Analysis of the distribution of Arctic Cod biomass across depth habitats
Biomass catch-per-unit-effort (CPUE) was calculated for each station as grams of Arctic Cod per square meter (g m−2) of sea floor swept. A Shapiro–Wilk procedure was applied to test the normality of CPUE data (α = 0.05). To assess whether Arctic Cod biomass differed significantly across station depths, biomass was grouped for depth stations across transects and a Kruskal–Wallis test was applied to mean values (α = 0.05). A Conover–Inman pairwise comparison was applied using the same depth groupings to determine whether depth stations grouped according to Arctic Cod biomass (α = 0.05). A Holm correction was applied to the p values of the Conover–Inman test to control familywise error rate.

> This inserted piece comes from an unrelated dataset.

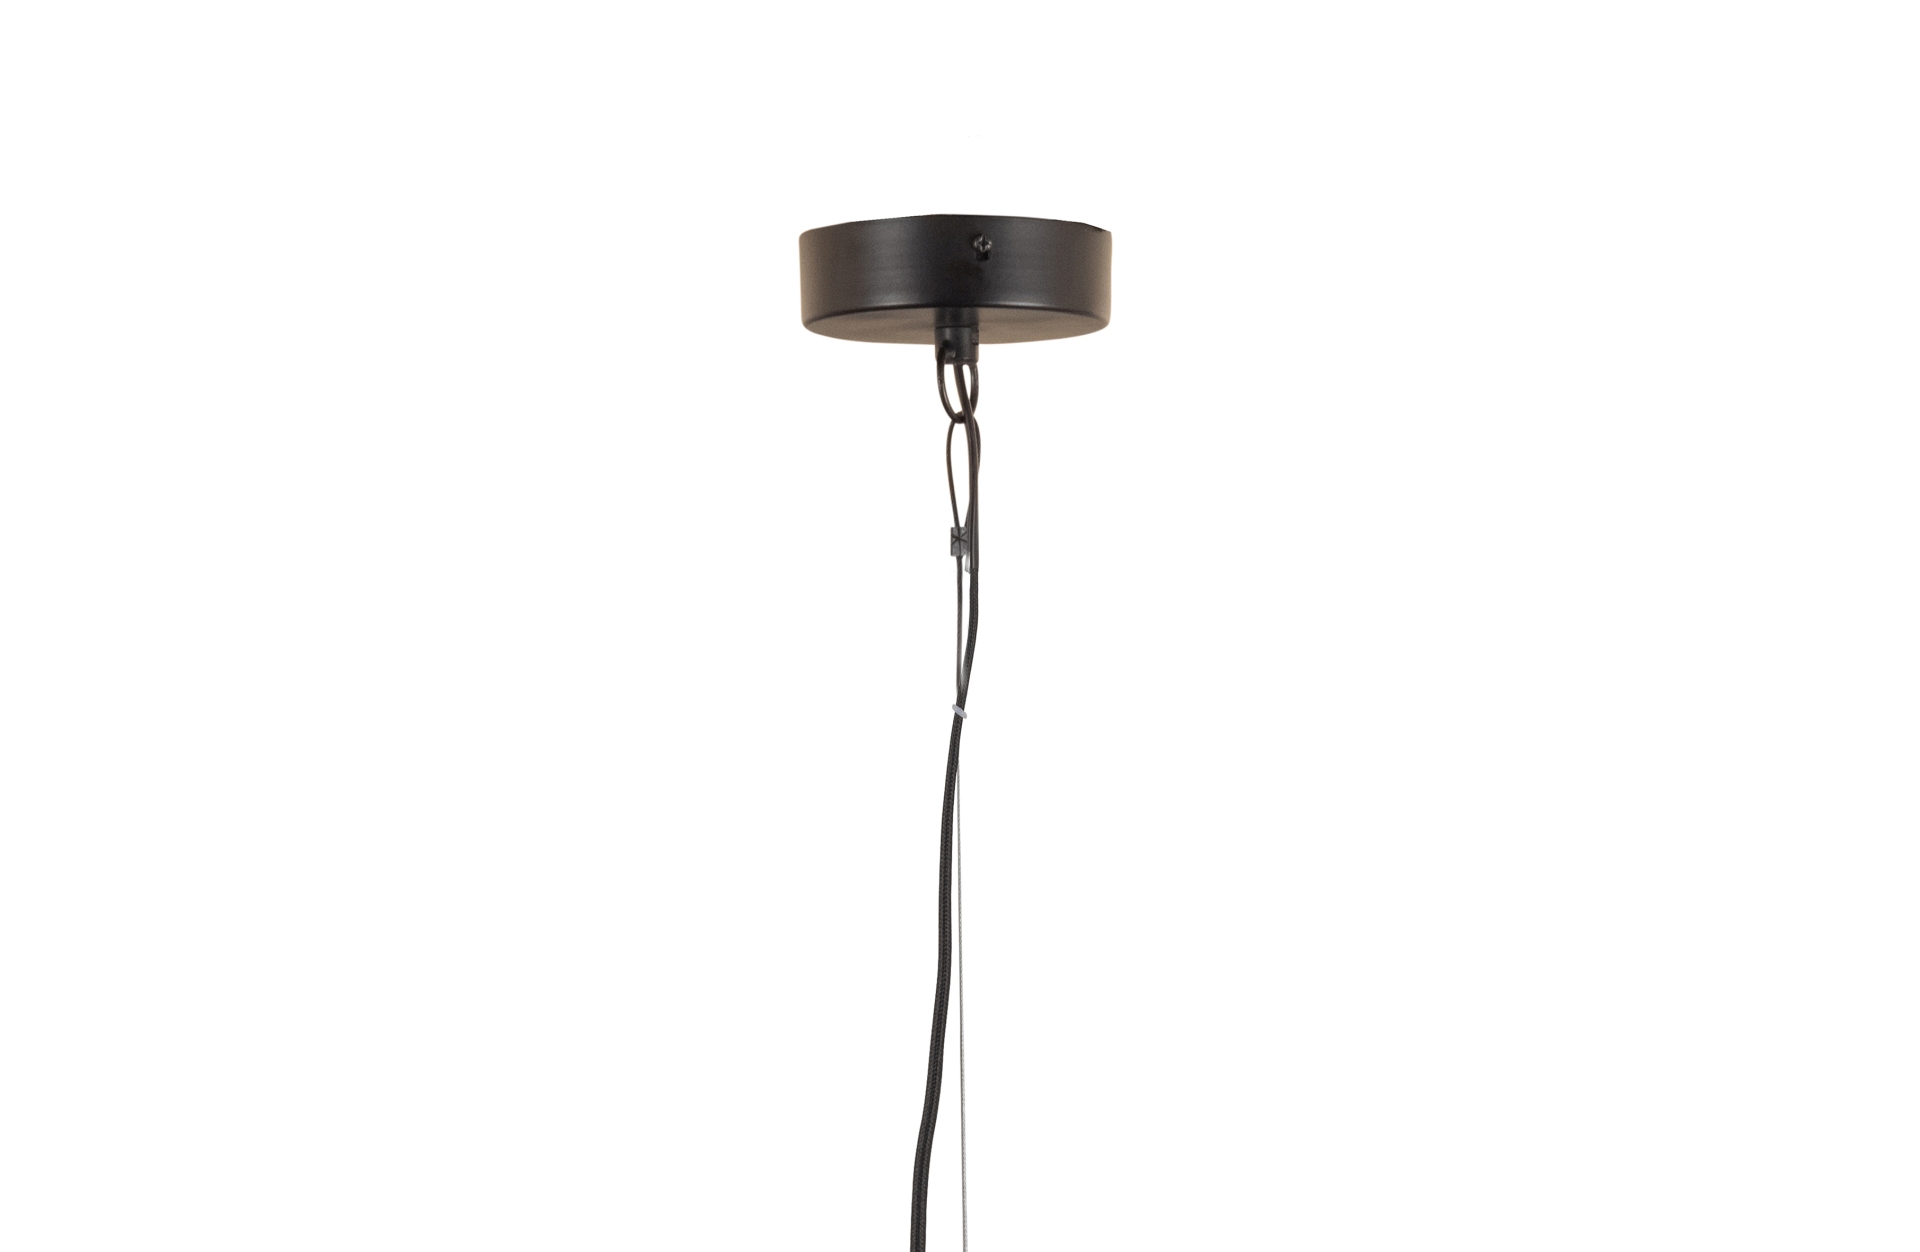 Die Hängelampe Esila überzeugt mit ihrem modernen Design und macht jeden Wohnbereich zu einem echten Hingucker. Gefertigt wurde die Lampe aus Metall, welches einen schwarzen Farbton besitzt.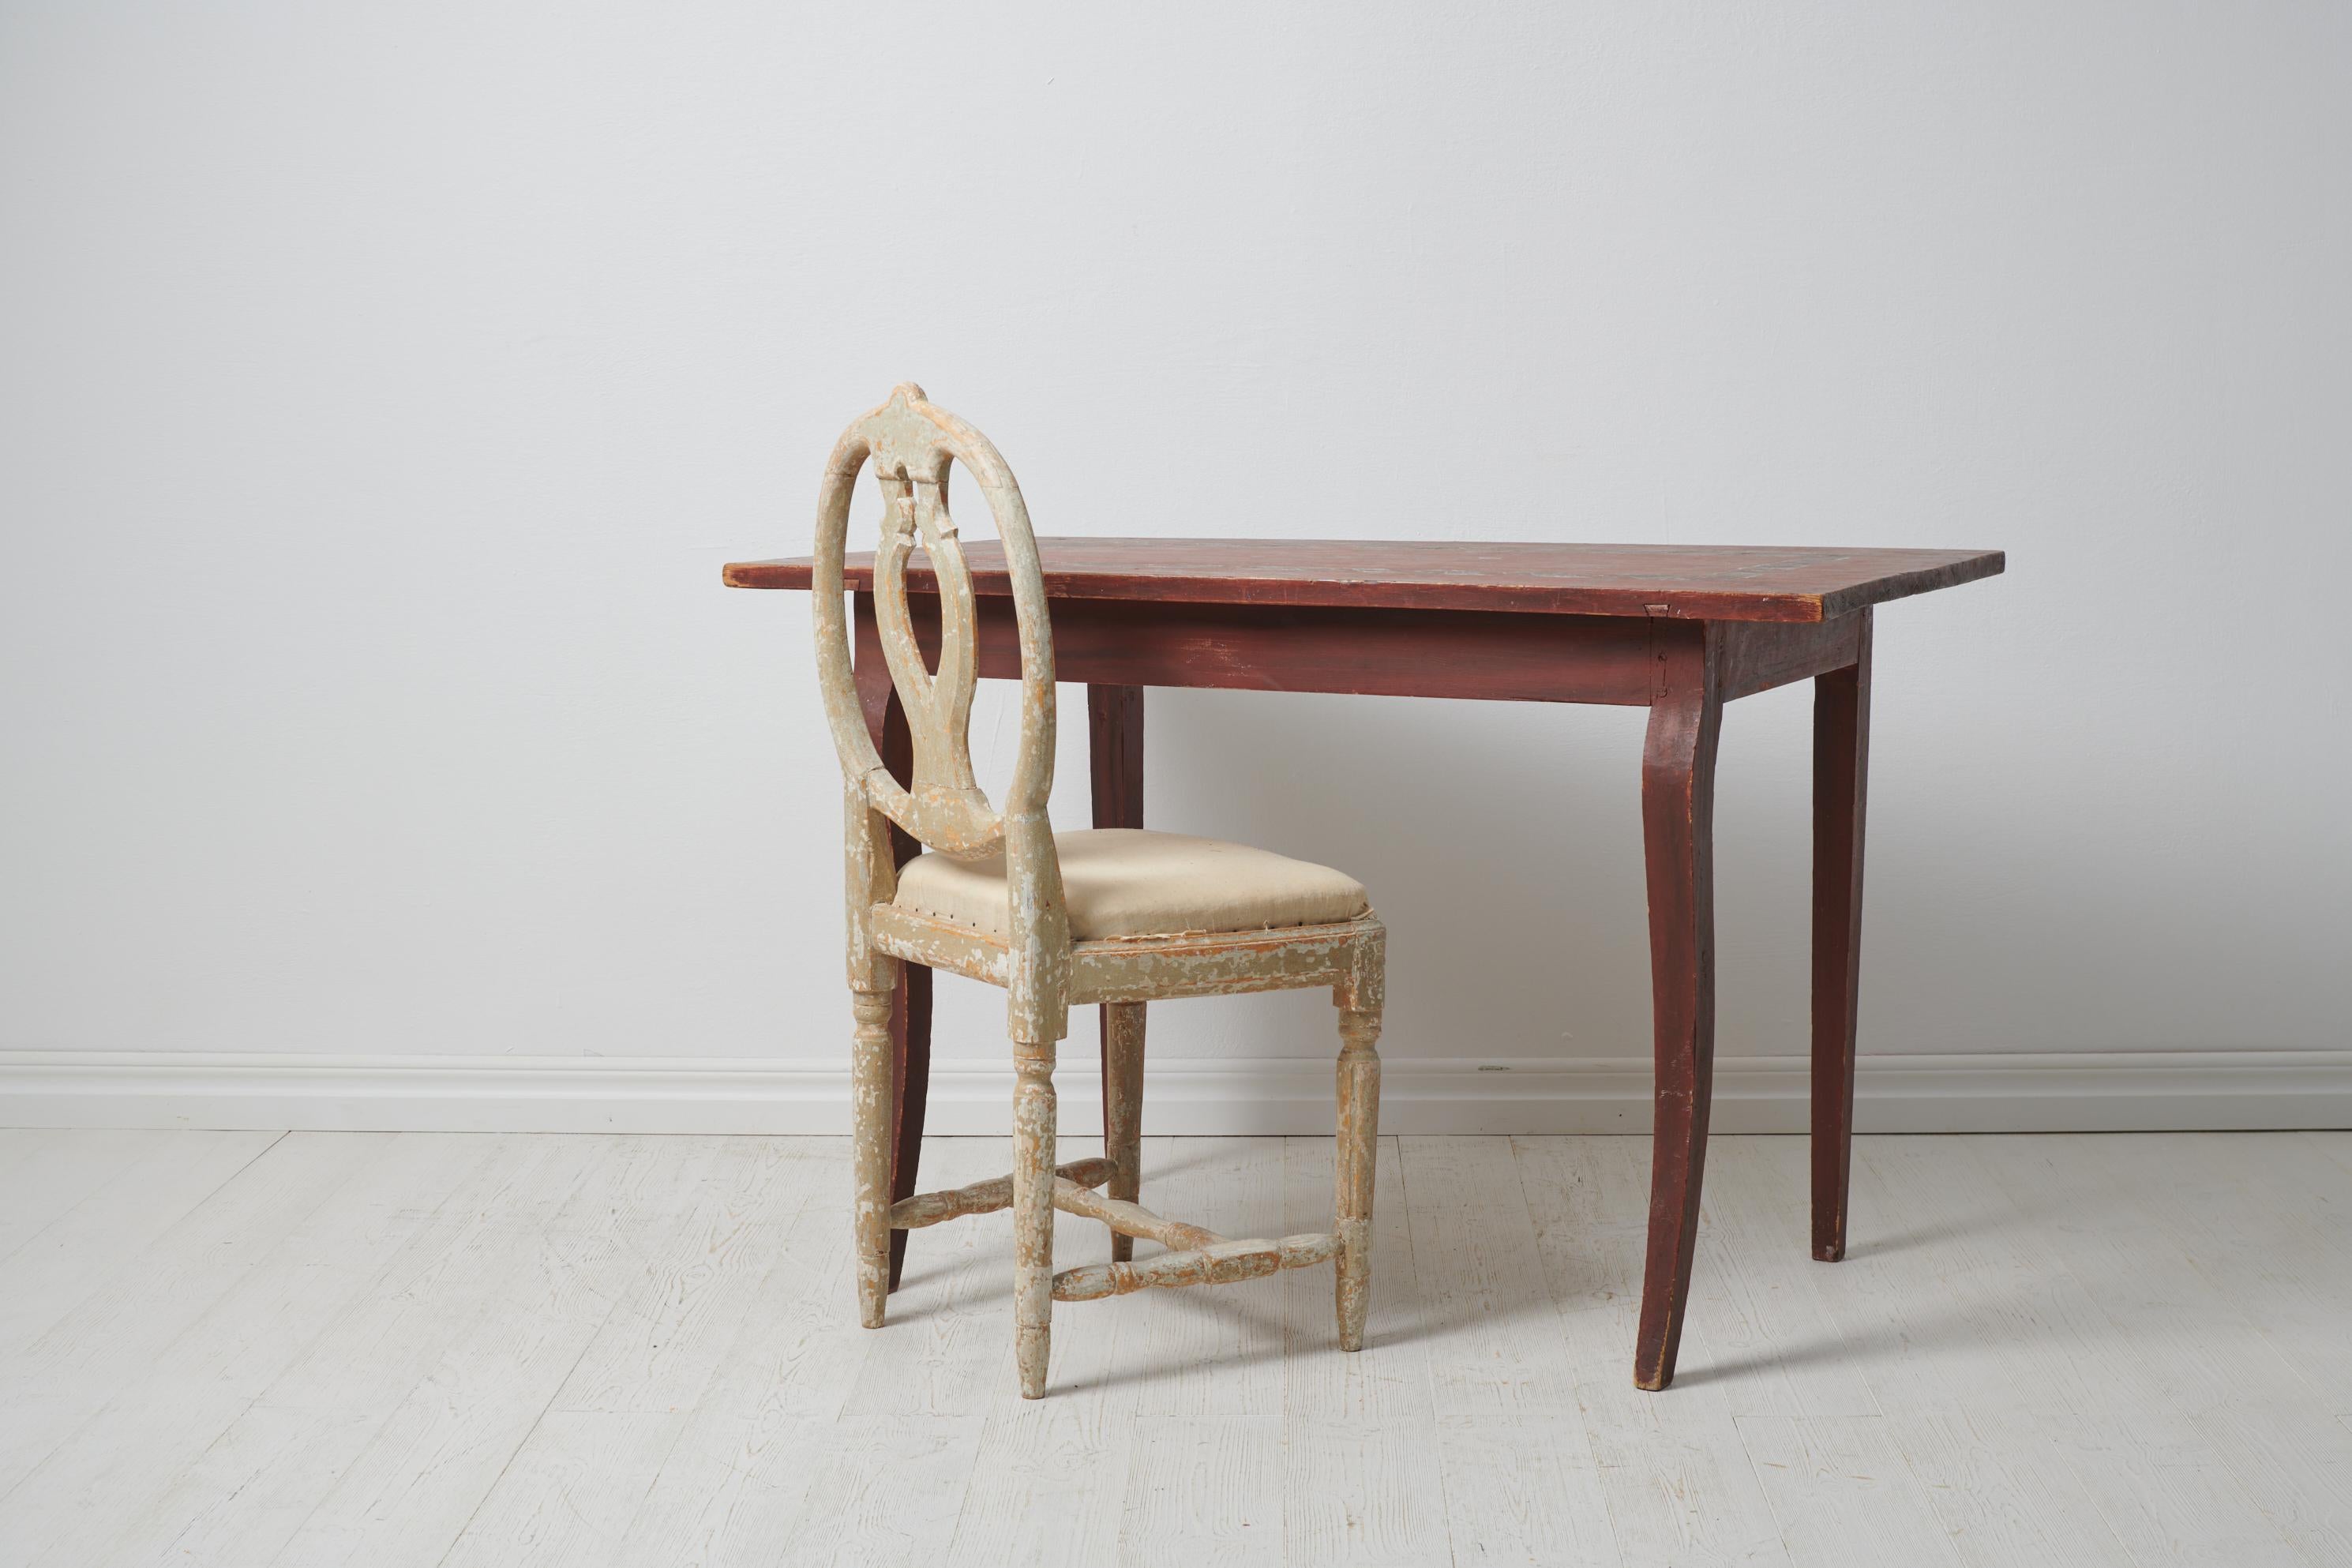 Antiker schwedischer Konsolentisch aus den 1820er Jahren. Der Tisch ist ein echtes schwedisches Landhausmöbel, handgefertigt aus massiver Kiefer. Der Tisch hat die ursprüngliche, unberührte Farbe mit einer auf die Tischplatte gemalten Zierleiste.

Full oceanographic profiles of the water column were collected at each fishing station using a Seabird Model 25 conductivity, temperature, and depth (CTD) probe. Measurements were taken at 1m intervals throughout the water column. Fishing depth stations were overlaid onto integrated vertical water mass profiles of temperature and salinity (Ocean Data View v4) of the transects (Fig. 2) to assess spatial overlap of Arctic Cod biomass with differential water mass habitats. For comparison of temperature and salinity values relative to demersal fish catches, minimum, maximum, and mean values were calculated using the bottom-most three intervals from each cast.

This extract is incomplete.